» **Exercise details**
Reproduce the whole listing that follows, character for character, and drop the images.

» **Data below**
------------------------------------------------------------
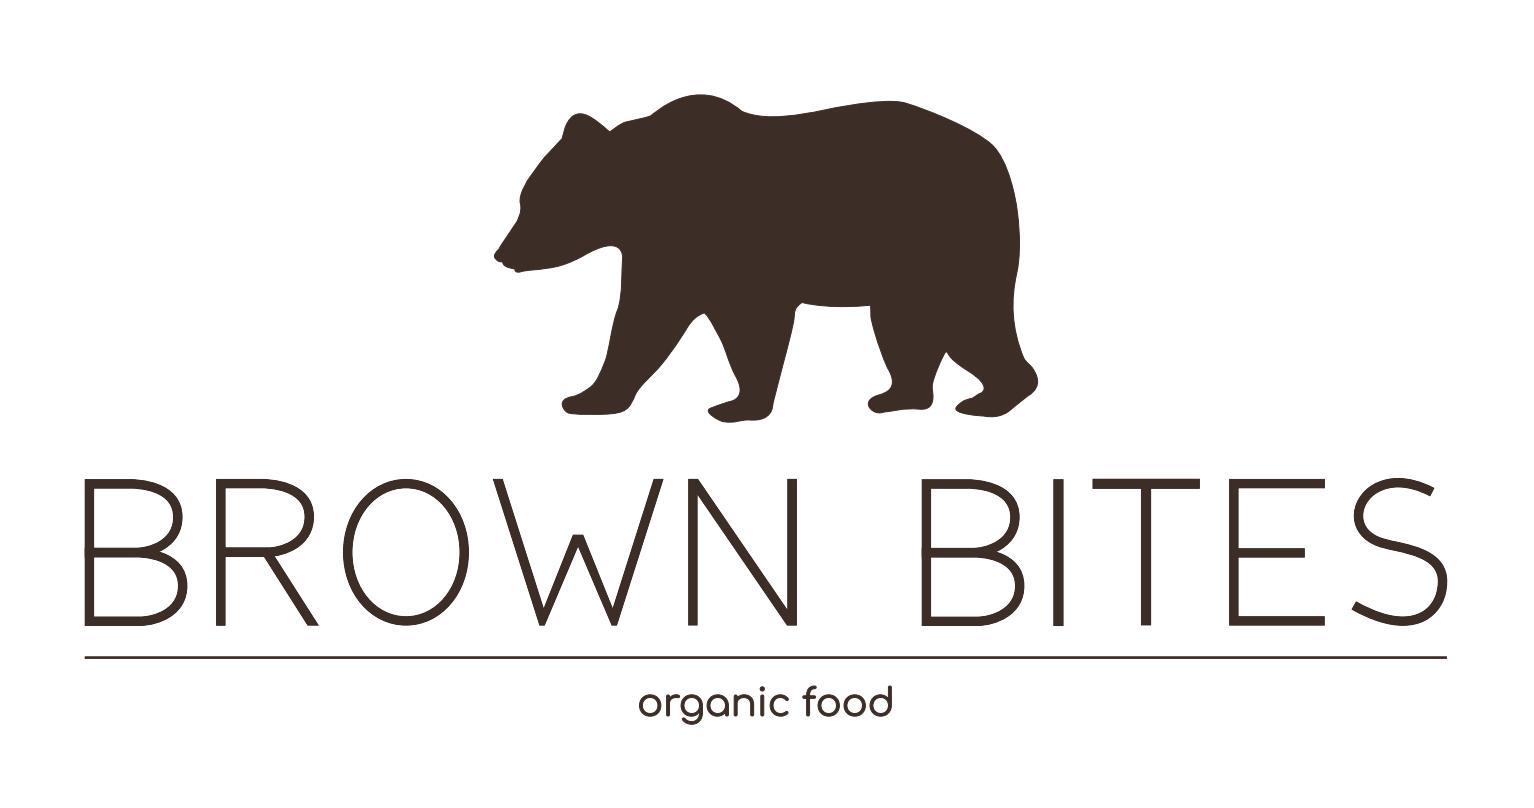 Alimento orgánico para mascotas
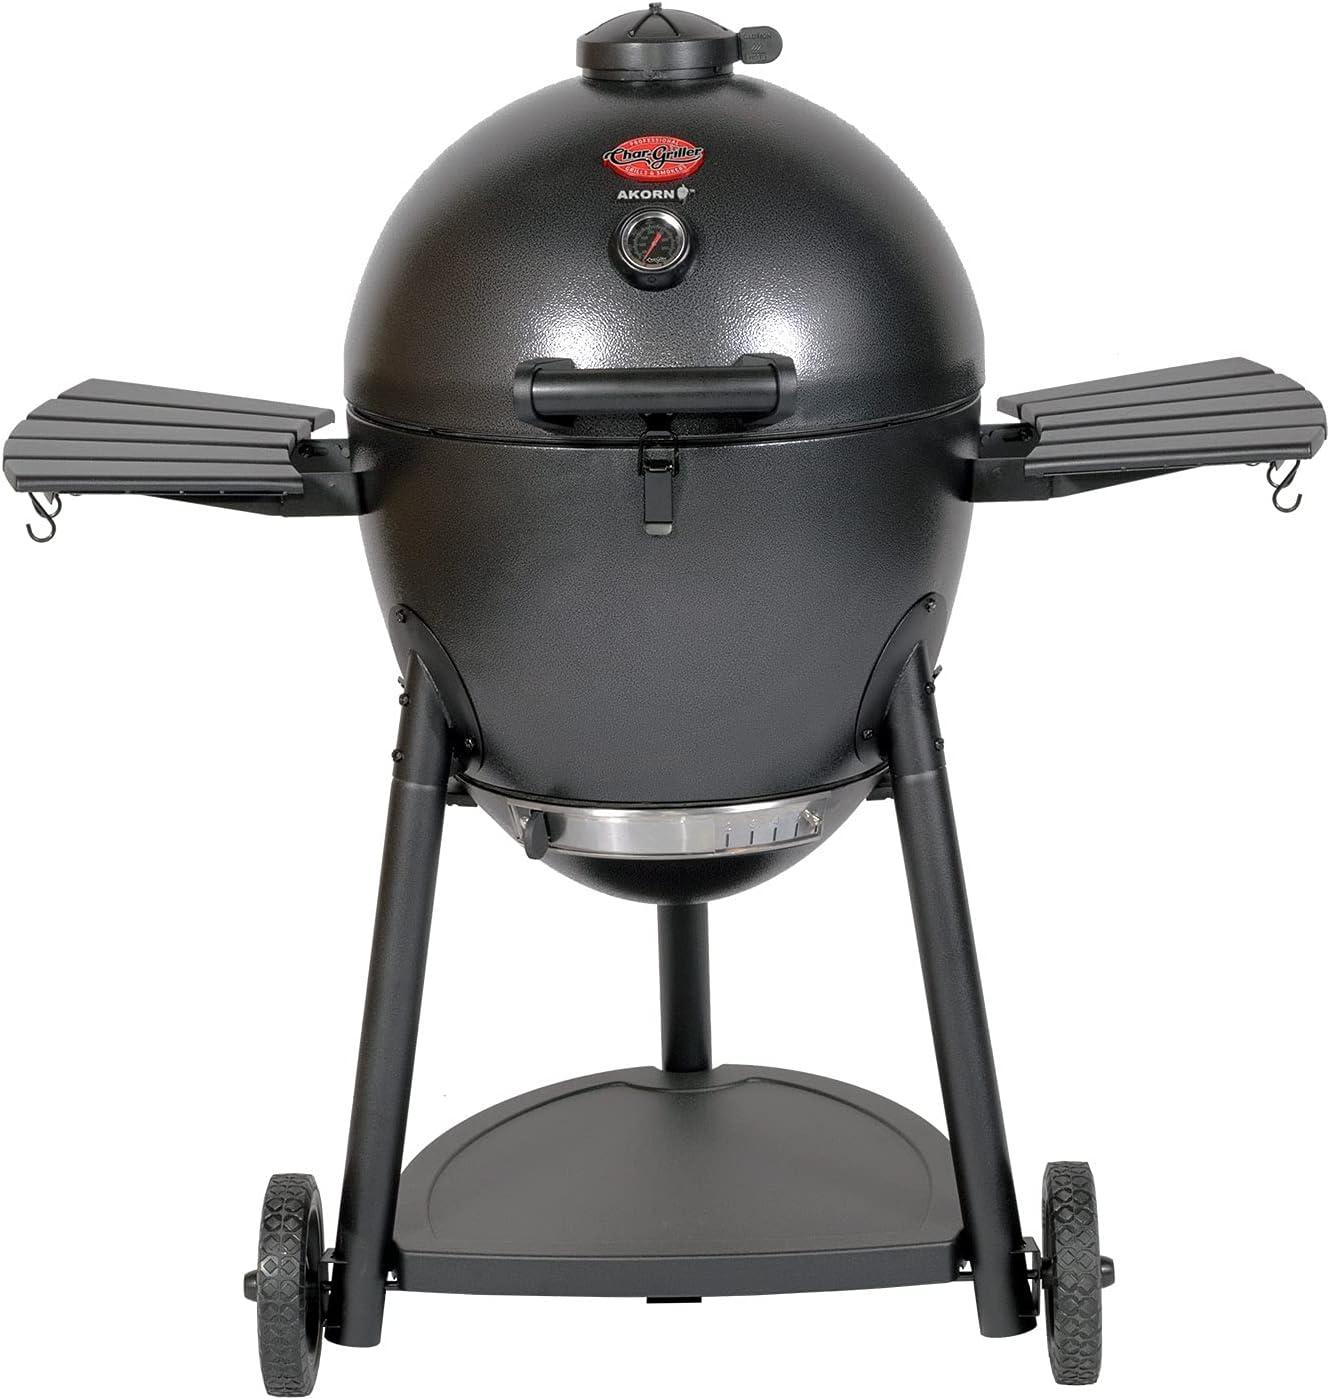 Char-Griller-E16620-Akorn-Kamado-Charcoal-Grill,-Graphite
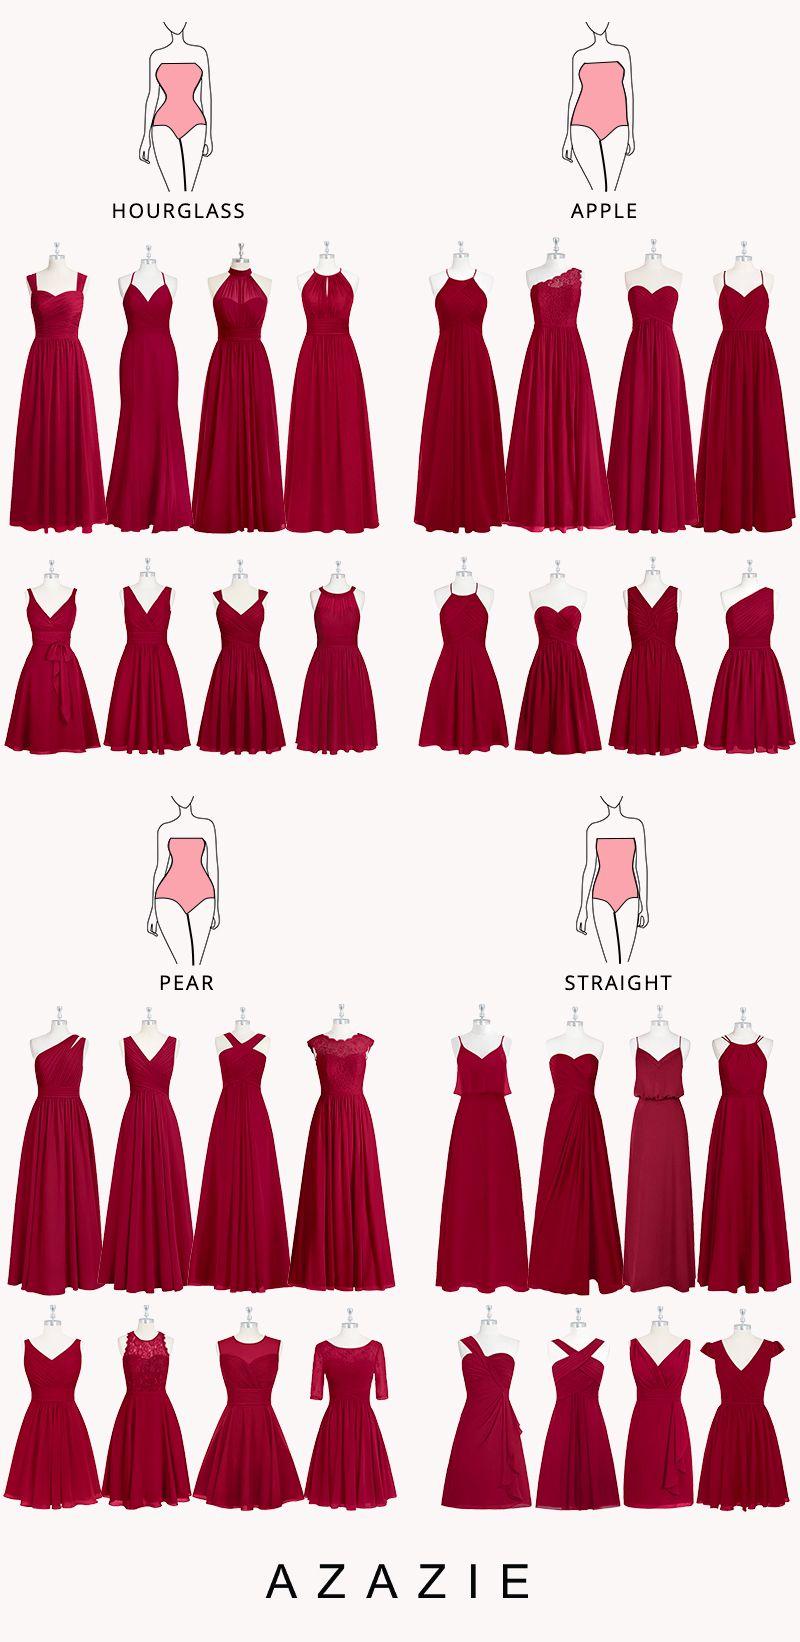 Burgundy Bridesmaid Dresses At Affordable Prices In 2020 Burgundy Bridesmaid Dresses Red Bridesmaid Dresses Burgundy Bridesmaid
------------------------------------------------------------
» **Response to this task**
 Alimento orgánico para mascotas
 Char-Griller-E16620-Akorn-Kamado-Charcoal-Grill,-Graphite
 Burgundy Bridesmaid Dresses At Affordable Prices In 2020 Burgundy Bridesmaid Dresses Red Bridesmaid Dresses Burgundy Bridesmaid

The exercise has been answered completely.